[ Update Dec 5th 5:45pm EST: At the moment we’re part of the delegation for wikileaks.ch and were told to expect the .org delegation, however it is now looking more nebulous. There is some confusion around control over the wikileaks.ORG domain and who has it. To be honest, it turns out we are not dealing with actual Wikileaks people on the backend, but third-parties who are co-ordinating a DNS effort for them, including the initial fallback domain, wikileaks.ch (which we were also incorrectly blamed for unplugging)
So we’re also setup here to carry DNS for wikileaks.org if and when our nameservers can be added to their delegation. We can also act as the Registrar if need be. More as it comes in ]
After being mistakenly blamed for unplugging the DNS for wikileaks on friday and then spending the weekend screaming very loudly about: mob journalism, inaccuracy, clueless commentary and badgering people to fix, retract and correct the misinformation, wikileaks[.ch] has added easyDNS to their nameserver delegation:
wikileaks.ch. 1800 IN NS dns2.easydns.net.
wikileaks.ch. 1800 IN NS ns2.easydns.com.
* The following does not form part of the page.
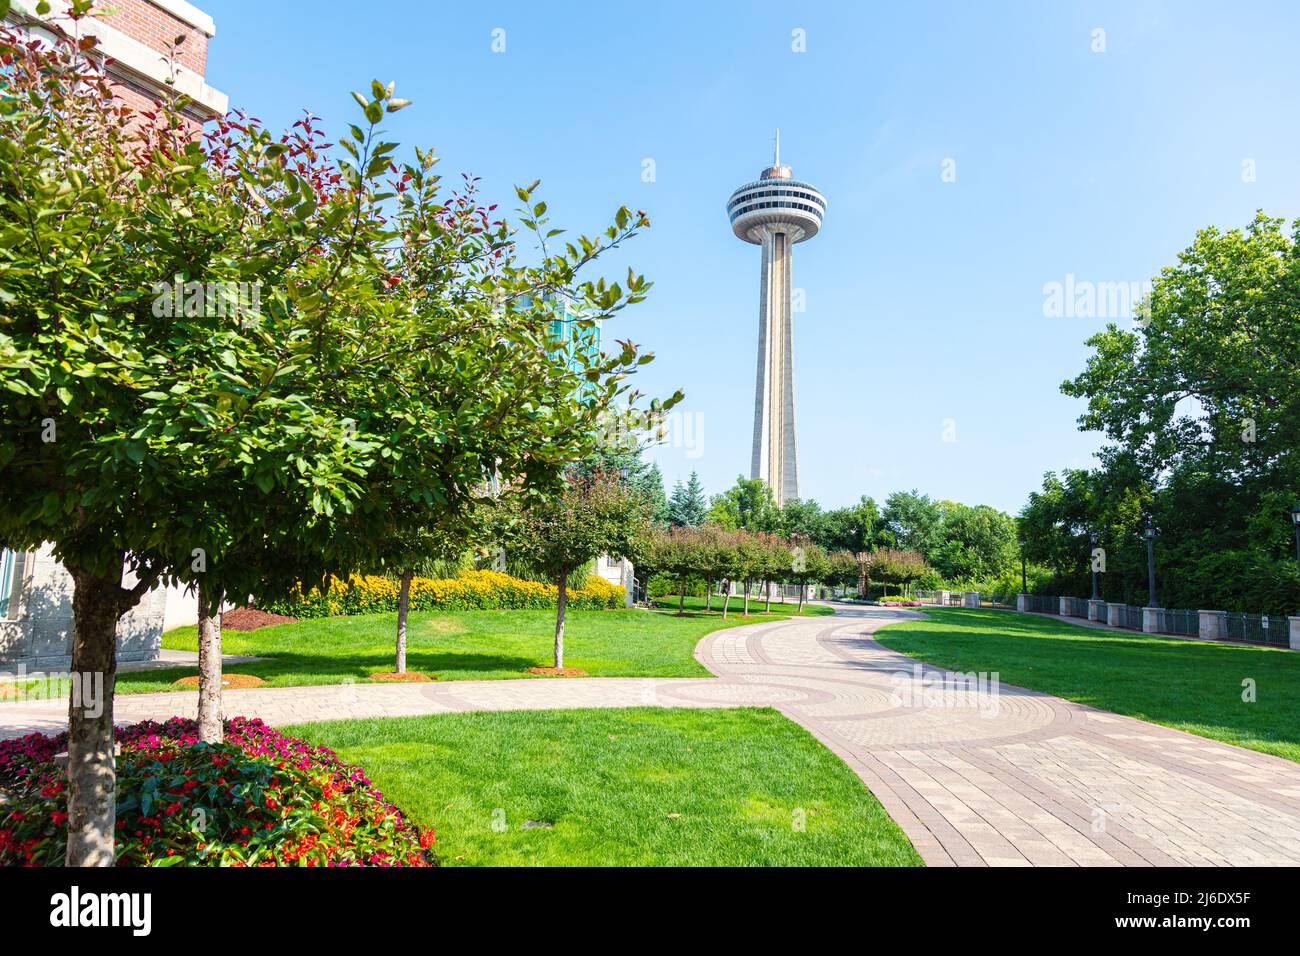 Niagara Falls, Canada - August 27, 2021: The most famous Niagara Falls restaurant – The Skylon Tower with unique vantage point of the Horseshoe Falls. Stock Photo

We’ve been added to the wikileaks.ch delegation in conjunction with a group of other independent nameserver operators. We are expecting the wikileaks.org domain to follow.
From the moment this episode started, we just sort of knew that this would be the outcome of events. Over the weekend we’ve seen a lot of online banter about whether what happened with their previous DNS provider was right or wrong and we sympathize with both wikileaks and everydns. As I’ve mentioned before, unless you have personally had to face a screaming full-on DDoS attack yourself, you really have no idea wtf you’re talking about.
Generally there are two kinds of DOS targets:
- Targets you never knew were using your system and when you find out, you want to take a shower. These are the targets 90% of the time: ponzi schemes, virus distributors, phishing sites, etc. These are usually scumbags who make a lot of enemies and are already violating your AUP. The DOS brings your attention to their presence on your system, you throw them under a bus and the DOS follows them. Problem solved.
- Then there’s “high profile” and “hot button” customers who people try to DOS just for bragging rights or some sort of vendetta. These are harder to handle, as you don’t want to cut off somebody who has a legit right to co-exist on the net with everybody else. Sometimes, you have to pull the plug, even temporarily to give yourself time to think and figure out your next move. I mean this in a very generic way: datacenters do this, network carriers do this, web hosts do this: if it gets too intense for your upstream, whammo, you’re null routed until things cool down. This is just how it works out here.
Having said that, we did raise quite a stink about being incorrectly named as the DNS provider who unplugged wikileaks, so when faced with the prospect of having them really actually use us for DNS it clearly became a case of “put up or shut up“. So now we’re going to take this on. I feel like we’ve already “done the time”, so we may as well “do the crime”.
At this point we are not the Registrar on the wikileaks.org domain, but for the most part, the conditions we stipulated in our previous post on the subject are in place.
I feel somewhat swept up in events that have taken on a life of their own and brought us to this unavoidable, inevitable place, all because somebody made a typo somewhere along the line a few days ago. Talk about “Butterfly Effect” – please go easy on us.